Напаренный в бане, отпоенный чаем с малиной Никола лежал на печи. Надо было выгнать из костей погребную стужу.
Людка носилась с мужем, как с писаной торбой, чувствуя себя виноватой.
К вечеру напекла пирогов, завернула ягодную ватрушку с морошкой да выставила на стол бутылочку «Столичной».
Собрались все... Не пришла только Дунюшка. Генка после её юбилея укатил в район, и уже два дня от него не было никаких вестей...
В конце праздничного ужина Марья раскинула карты.

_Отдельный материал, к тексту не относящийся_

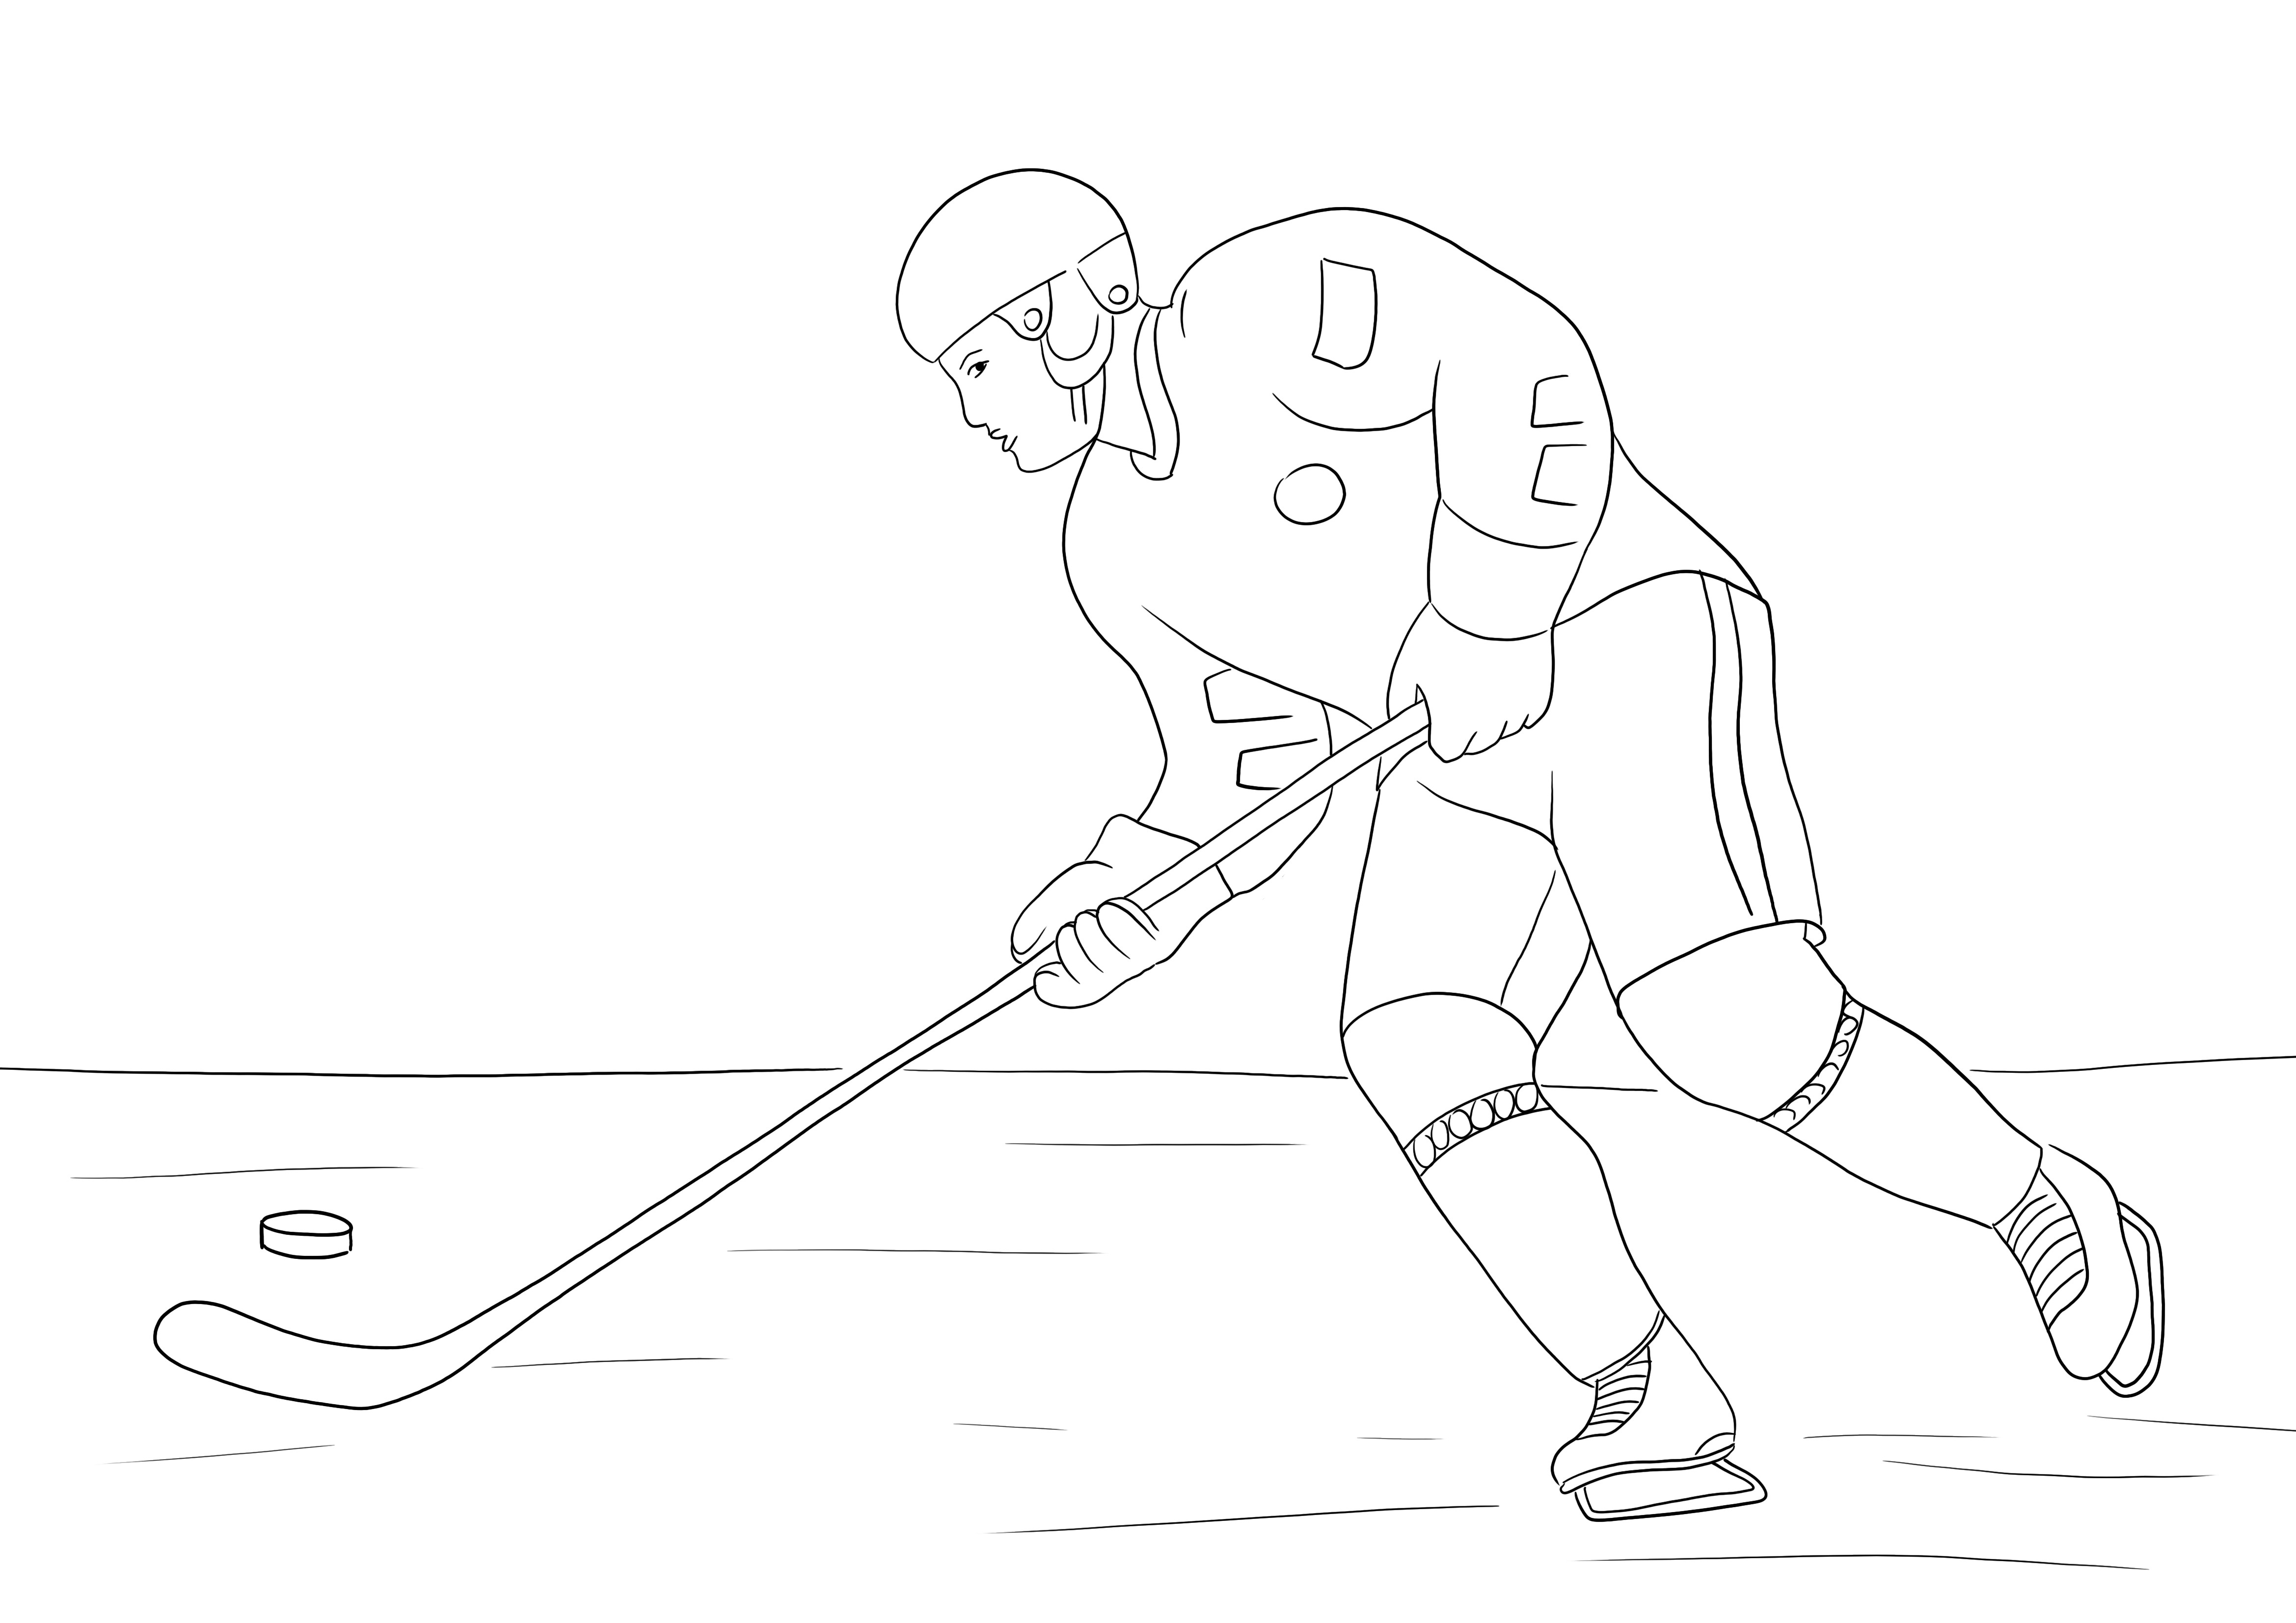 Easy and free downloading of Hockey Player to color and have fun for kids

— Дом у тебя родной, Коленька, выпадат, да жена любимая... Да ещё дама бубнова на сердце не пошто... Ну да ладно! — Марья потянулась кверху руками и хитро подмигнула на печь. — Это, верно, мышь-полёвка, что в картофельные ямы с полей по осени набегат....
Далёкие звёзды
С ночи мело. Густую позёмку волочило по наваленным за изгородью сугробам, стаскивало меж частых штакетин, наглухо забивая снежиной узкий калитинский межуток. На крыше стучало. Антон Иваныч всё гадал, что ж такое там может бренчать: то ли желоб ослаб, то ли рама на чердаке отошла.
Только к обеду стихло. Оставшийся ветер растолкал по краям тяжёлую облачную синь, и сквозь пёрышки новых облачков выглянуло холодное зимнее солнце.

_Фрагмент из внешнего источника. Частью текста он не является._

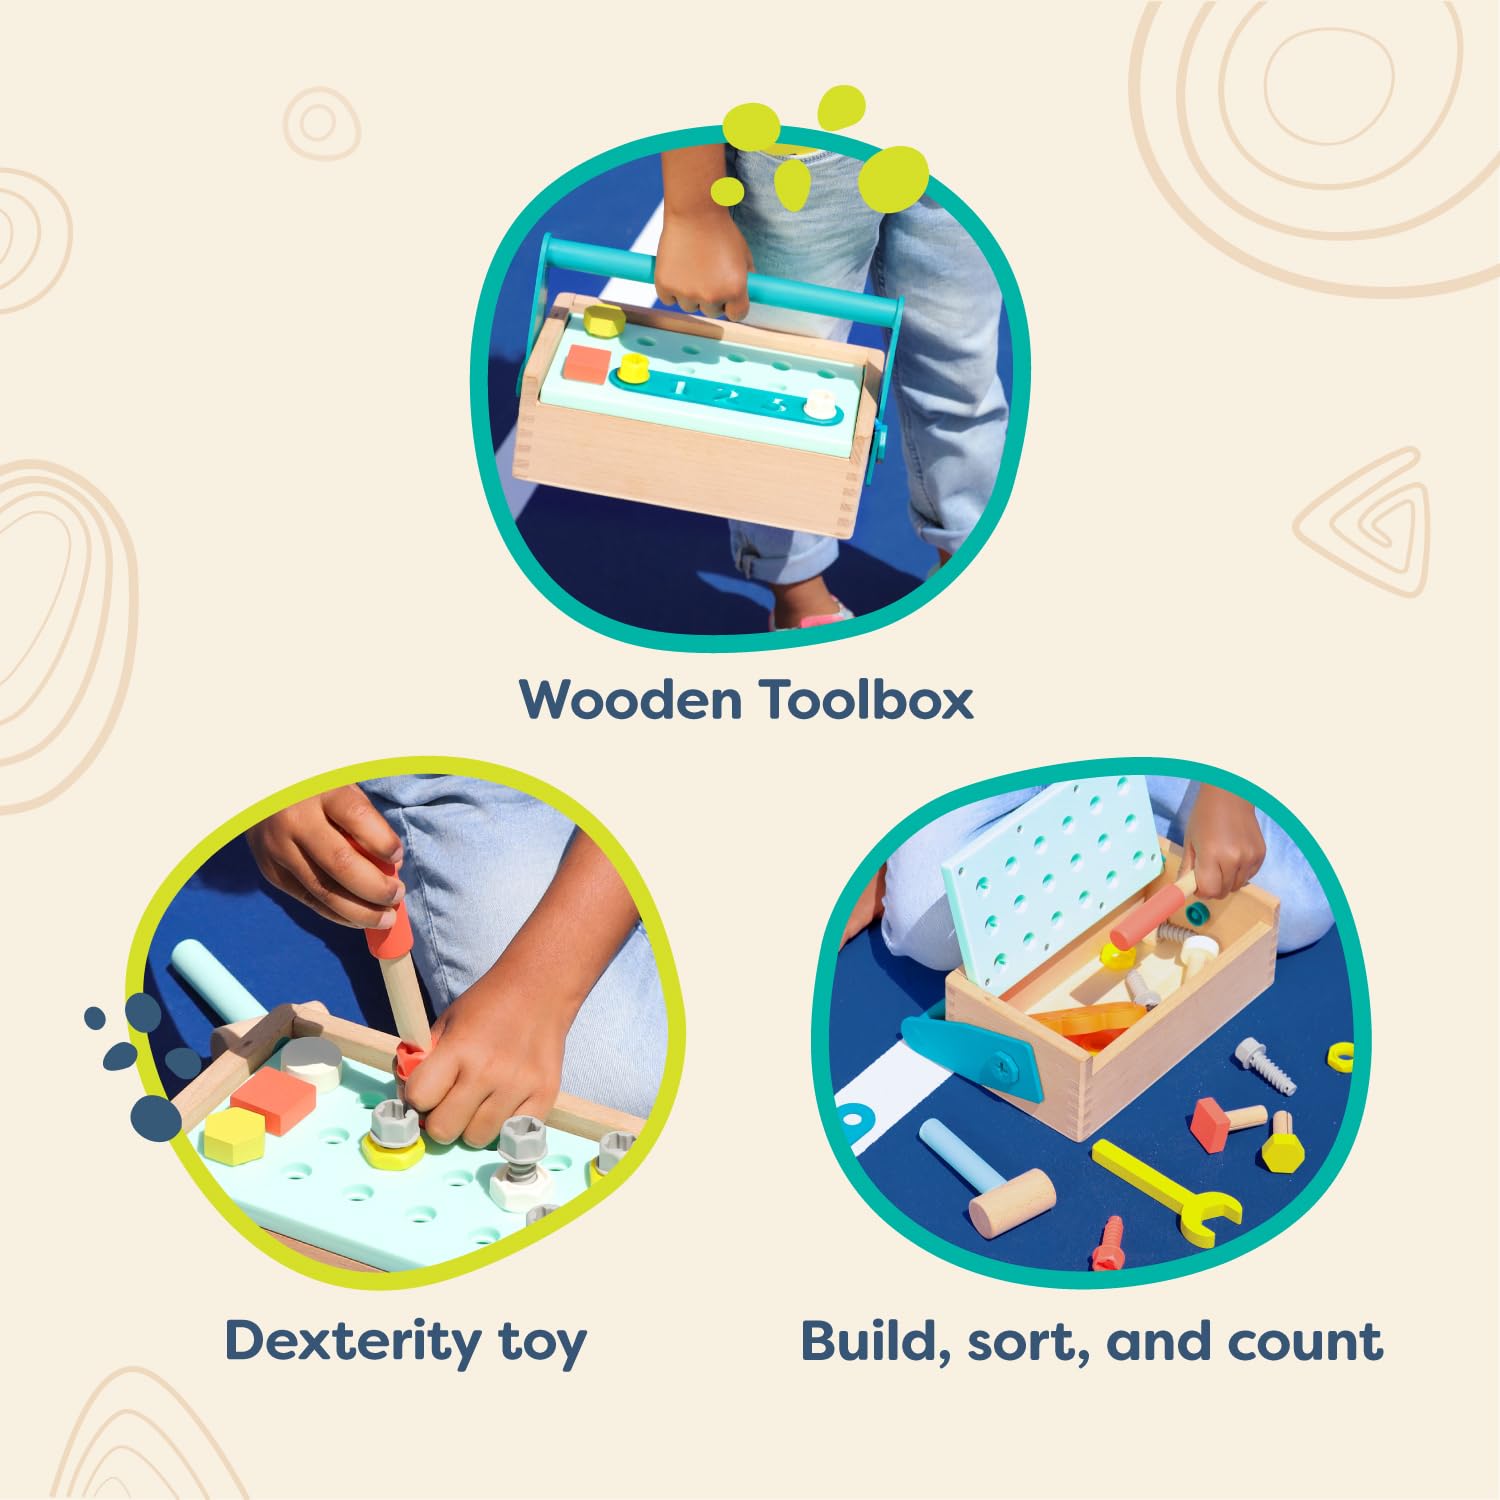 B. toys- Fix ‘n’ Play Kit- Pretend Play Tool Box – Wooden Toolbox & Accessories – Carpenter Set for Kids – Play Set with Drill, Hammer, Screwdriver & More – 3 Years +

Кое-как протиснувшись в двери, Антон Иваныч выбрался на улицу. Кругом, вровень с забором, лежала белая сверкающая пелена.
— Да-а, батюшко! — обратился он к февралю, как к какому-то человеку. — Не зря говорят: «Февраль что пьяный мужик — дел натворит да спать уляжется». А расхлёбывать-то кто будет?
Он взял лопату и начал рыть. Сначала медленно, без натуги, но, увидев в межутке напротив своего соседа, также разрывающего снег, прибавил ходу.
— Врёшь, Митька, — гундел он себе в усы, — не опередишь. Я тебя хотчая!
Через час, весь вспотевший и запыхавшийся, он выпрямился. Межуток был чист. Рядком темнели ровные заиндевевшие мосточки.
Антон Иваныч довольно крякнул... и присел. В спину резко кольнуло.
— Охти мне, радость небывалая! — он схватился за заборный столб. — Перетрудилси маленько. Всё Митька виноват. Непошто на пару снег рыть вышел.
Митька, Микеша, как звали его в деревне за весёлые выкрутасы, бодро хлопая по катаникам рукавицей, вынырнул из высокого снежного окопа. Его сморщенное худое лицо горело от работы огнём.
— Ты чего, Онтоха, как стара розвальня, на заборе повис, опристал, что ли?
Антон Иваныч махнул рукой:
— Путай ещё, устал! Много ли наработал-то. Я ещё два таких межутка разрою!
Микеша хмыкнул:
— Ну-ну, харахорси...
В ложине наперебой залаяли собаки. Взметая копытами снег и тряся тяжёлой закуржавелой головой, по дороге промчалась лошадь. В дровнях сидел пьяный Николка Задов. Железная бочка, кое-как привязанная к копылам дровен, подпрыгивала и гремела на всю округу.
— Вот Николка! Даёт стране угля! — Антон Иваныч покачал головой. Боль плёткой стеганула по лопаткам. Он поморщился, но вида не показал. — Куда-то шибко парень торопится.
Микеша погрозил вслед Николе кулаком:
— Гаишников на этого Николку нет, враз бы всех прав лишили. Задавит каку-нить старуху. Те ведь, полоротые, вечно ворон считают, на дорогу-то не глядя... Слыхал, пошту закрыли, без пенсии нонь будем жить...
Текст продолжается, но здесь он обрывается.